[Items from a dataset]
>>>
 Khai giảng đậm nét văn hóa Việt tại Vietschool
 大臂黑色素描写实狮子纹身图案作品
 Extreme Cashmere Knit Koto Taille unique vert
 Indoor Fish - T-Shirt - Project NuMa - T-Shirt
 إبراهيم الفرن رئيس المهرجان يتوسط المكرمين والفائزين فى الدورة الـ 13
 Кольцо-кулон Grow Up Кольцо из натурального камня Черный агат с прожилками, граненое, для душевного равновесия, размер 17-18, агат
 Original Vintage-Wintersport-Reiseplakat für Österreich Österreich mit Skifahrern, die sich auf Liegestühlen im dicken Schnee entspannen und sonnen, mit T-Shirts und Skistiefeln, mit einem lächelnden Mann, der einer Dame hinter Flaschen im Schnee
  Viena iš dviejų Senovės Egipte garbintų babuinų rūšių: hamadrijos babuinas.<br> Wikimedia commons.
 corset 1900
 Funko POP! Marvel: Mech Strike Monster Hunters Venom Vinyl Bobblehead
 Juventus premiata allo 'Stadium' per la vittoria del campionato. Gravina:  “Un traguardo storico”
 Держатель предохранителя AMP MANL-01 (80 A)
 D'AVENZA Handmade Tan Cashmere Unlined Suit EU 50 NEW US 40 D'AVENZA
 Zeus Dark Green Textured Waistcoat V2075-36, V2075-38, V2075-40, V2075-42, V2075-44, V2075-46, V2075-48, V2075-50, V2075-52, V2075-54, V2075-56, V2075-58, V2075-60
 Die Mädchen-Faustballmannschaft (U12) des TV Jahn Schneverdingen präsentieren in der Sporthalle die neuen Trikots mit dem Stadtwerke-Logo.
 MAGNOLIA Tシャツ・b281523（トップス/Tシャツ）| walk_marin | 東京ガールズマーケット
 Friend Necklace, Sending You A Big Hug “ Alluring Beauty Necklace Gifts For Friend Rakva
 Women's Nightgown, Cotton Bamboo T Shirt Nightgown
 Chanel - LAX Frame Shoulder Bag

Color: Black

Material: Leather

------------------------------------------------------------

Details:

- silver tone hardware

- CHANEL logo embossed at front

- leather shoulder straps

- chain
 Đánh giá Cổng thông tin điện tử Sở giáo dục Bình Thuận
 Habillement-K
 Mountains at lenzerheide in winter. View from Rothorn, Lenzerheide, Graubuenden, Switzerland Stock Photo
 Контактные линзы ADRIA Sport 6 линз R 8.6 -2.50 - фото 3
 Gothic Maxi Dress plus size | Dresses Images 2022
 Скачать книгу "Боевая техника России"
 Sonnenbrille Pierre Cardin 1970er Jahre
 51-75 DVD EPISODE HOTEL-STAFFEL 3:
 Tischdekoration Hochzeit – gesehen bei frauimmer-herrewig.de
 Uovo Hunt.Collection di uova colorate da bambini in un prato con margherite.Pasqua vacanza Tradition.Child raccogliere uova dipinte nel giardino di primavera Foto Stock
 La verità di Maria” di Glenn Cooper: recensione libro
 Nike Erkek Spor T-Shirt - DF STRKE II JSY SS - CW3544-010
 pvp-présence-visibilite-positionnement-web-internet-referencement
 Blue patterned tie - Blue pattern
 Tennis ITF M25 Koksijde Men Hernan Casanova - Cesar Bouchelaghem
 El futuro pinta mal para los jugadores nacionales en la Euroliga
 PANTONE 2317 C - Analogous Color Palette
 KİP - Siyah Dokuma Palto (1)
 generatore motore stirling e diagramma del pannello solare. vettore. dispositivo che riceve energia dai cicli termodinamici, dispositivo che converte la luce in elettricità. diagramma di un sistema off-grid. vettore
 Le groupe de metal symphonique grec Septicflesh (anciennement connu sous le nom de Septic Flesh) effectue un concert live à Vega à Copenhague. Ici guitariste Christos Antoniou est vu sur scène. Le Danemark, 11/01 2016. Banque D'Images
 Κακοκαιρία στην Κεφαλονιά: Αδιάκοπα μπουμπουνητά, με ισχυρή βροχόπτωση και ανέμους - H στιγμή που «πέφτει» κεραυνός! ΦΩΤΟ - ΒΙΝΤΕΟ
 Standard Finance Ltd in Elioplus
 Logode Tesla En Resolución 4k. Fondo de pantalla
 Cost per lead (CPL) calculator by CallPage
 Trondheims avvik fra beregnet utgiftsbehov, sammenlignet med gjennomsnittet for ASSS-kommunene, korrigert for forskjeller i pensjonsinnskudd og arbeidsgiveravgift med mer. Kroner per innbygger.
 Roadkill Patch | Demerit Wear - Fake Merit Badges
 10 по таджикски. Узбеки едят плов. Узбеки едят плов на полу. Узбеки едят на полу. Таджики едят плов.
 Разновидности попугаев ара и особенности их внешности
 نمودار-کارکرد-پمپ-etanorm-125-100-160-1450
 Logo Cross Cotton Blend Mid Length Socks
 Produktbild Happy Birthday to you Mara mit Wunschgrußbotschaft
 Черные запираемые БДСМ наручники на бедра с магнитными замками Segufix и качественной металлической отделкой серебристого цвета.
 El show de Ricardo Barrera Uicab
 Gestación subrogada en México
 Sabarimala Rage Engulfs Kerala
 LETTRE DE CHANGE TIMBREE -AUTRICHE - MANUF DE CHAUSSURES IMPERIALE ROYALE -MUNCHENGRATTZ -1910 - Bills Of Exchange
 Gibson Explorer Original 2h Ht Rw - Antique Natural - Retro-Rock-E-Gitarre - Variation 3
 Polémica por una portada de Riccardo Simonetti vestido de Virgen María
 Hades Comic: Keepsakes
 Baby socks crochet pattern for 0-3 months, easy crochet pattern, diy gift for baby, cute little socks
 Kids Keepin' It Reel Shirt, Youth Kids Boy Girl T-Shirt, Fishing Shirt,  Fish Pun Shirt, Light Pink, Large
<<<
**ACTIVITY:**
Without altering a single word, set down all the entries again.

**SOLUTION TO THE PROBLEM:**
 Khai giảng đậm nét văn hóa Việt tại Vietschool
 大臂黑色素描写实狮子纹身图案作品
 Extreme Cashmere Knit Koto Taille unique vert
 Indoor Fish - T-Shirt - Project NuMa - T-Shirt
 إبراهيم الفرن رئيس المهرجان يتوسط المكرمين والفائزين فى الدورة الـ 13
 Кольцо-кулон Grow Up Кольцо из натурального камня Черный агат с прожилками, граненое, для душевного равновесия, размер 17-18, агат
 Original Vintage-Wintersport-Reiseplakat für Österreich Österreich mit Skifahrern, die sich auf Liegestühlen im dicken Schnee entspannen und sonnen, mit T-Shirts und Skistiefeln, mit einem lächelnden Mann, der einer Dame hinter Flaschen im Schnee
  Viena iš dviejų Senovės Egipte garbintų babuinų rūšių: hamadrijos babuinas.<br> Wikimedia commons.
 corset 1900
 Funko POP! Marvel: Mech Strike Monster Hunters Venom Vinyl Bobblehead
 Juventus premiata allo 'Stadium' per la vittoria del campionato. Gravina:  “Un traguardo storico”
 Держатель предохранителя AMP MANL-01 (80 A)
 D'AVENZA Handmade Tan Cashmere Unlined Suit EU 50 NEW US 40 D'AVENZA
 Zeus Dark Green Textured Waistcoat V2075-36, V2075-38, V2075-40, V2075-42, V2075-44, V2075-46, V2075-48, V2075-50, V2075-52, V2075-54, V2075-56, V2075-58, V2075-60
 Die Mädchen-Faustballmannschaft (U12) des TV Jahn Schneverdingen präsentieren in der Sporthalle die neuen Trikots mit dem Stadtwerke-Logo.
 MAGNOLIA Tシャツ・b281523（トップス/Tシャツ）| walk_marin | 東京ガールズマーケット
 Friend Necklace, Sending You A Big Hug “ Alluring Beauty Necklace Gifts For Friend Rakva
 Women's Nightgown, Cotton Bamboo T Shirt Nightgown
 Chanel - LAX Frame Shoulder Bag

Color: Black

Material: Leather

------------------------------------------------------------

Details:

- silver tone hardware

- CHANEL logo embossed at front

- leather shoulder straps

- chain
 Đánh giá Cổng thông tin điện tử Sở giáo dục Bình Thuận
 Habillement-K
 Mountains at lenzerheide in winter. View from Rothorn, Lenzerheide, Graubuenden, Switzerland Stock Photo
 Контактные линзы ADRIA Sport 6 линз R 8.6 -2.50 - фото 3
 Gothic Maxi Dress plus size | Dresses Images 2022
 Скачать книгу "Боевая техника России"
 Sonnenbrille Pierre Cardin 1970er Jahre
 51-75 DVD EPISODE HOTEL-STAFFEL 3:
 Tischdekoration Hochzeit – gesehen bei frauimmer-herrewig.de
 Uovo Hunt.Collection di uova colorate da bambini in un prato con margherite.Pasqua vacanza Tradition.Child raccogliere uova dipinte nel giardino di primavera Foto Stock
 La verità di Maria” di Glenn Cooper: recensione libro
 Nike Erkek Spor T-Shirt - DF STRKE II JSY SS - CW3544-010
 pvp-présence-visibilite-positionnement-web-internet-referencement
 Blue patterned tie - Blue pattern
 Tennis ITF M25 Koksijde Men Hernan Casanova - Cesar Bouchelaghem
 El futuro pinta mal para los jugadores nacionales en la Euroliga
 PANTONE 2317 C - Analogous Color Palette
 KİP - Siyah Dokuma Palto (1)
 generatore motore stirling e diagramma del pannello solare. vettore. dispositivo che riceve energia dai cicli termodinamici, dispositivo che converte la luce in elettricità. diagramma di un sistema off-grid. vettore
 Le groupe de metal symphonique grec Septicflesh (anciennement connu sous le nom de Septic Flesh) effectue un concert live à Vega à Copenhague. Ici guitariste Christos Antoniou est vu sur scène. Le Danemark, 11/01 2016. Banque D'Images
 Κακοκαιρία στην Κεφαλονιά: Αδιάκοπα μπουμπουνητά, με ισχυρή βροχόπτωση και ανέμους - H στιγμή που «πέφτει» κεραυνός! ΦΩΤΟ - ΒΙΝΤΕΟ
 Standard Finance Ltd in Elioplus
 Logode Tesla En Resolución 4k. Fondo de pantalla
 Cost per lead (CPL) calculator by CallPage
 Trondheims avvik fra beregnet utgiftsbehov, sammenlignet med gjennomsnittet for ASSS-kommunene, korrigert for forskjeller i pensjonsinnskudd og arbeidsgiveravgift med mer. Kroner per innbygger.
 Roadkill Patch | Demerit Wear - Fake Merit Badges
 10 по таджикски. Узбеки едят плов. Узбеки едят плов на полу. Узбеки едят на полу. Таджики едят плов.
 Разновидности попугаев ара и особенности их внешности
 نمودار-کارکرد-پمپ-etanorm-125-100-160-1450
 Logo Cross Cotton Blend Mid Length Socks
 Produktbild Happy Birthday to you Mara mit Wunschgrußbotschaft
 Черные запираемые БДСМ наручники на бедра с магнитными замками Segufix и качественной металлической отделкой серебристого цвета.
 El show de Ricardo Barrera Uicab
 Gestación subrogada en México
 Sabarimala Rage Engulfs Kerala
 LETTRE DE CHANGE TIMBREE -AUTRICHE - MANUF DE CHAUSSURES IMPERIALE ROYALE -MUNCHENGRATTZ -1910 - Bills Of Exchange
 Gibson Explorer Original 2h Ht Rw - Antique Natural - Retro-Rock-E-Gitarre - Variation 3
 Polémica por una portada de Riccardo Simonetti vestido de Virgen María
 Hades Comic: Keepsakes
 Baby socks crochet pattern for 0-3 months, easy crochet pattern, diy gift for baby, cute little socks
 Kids Keepin' It Reel Shirt, Youth Kids Boy Girl T-Shirt, Fishing Shirt,  Fish Pun Shirt, Light Pink, Large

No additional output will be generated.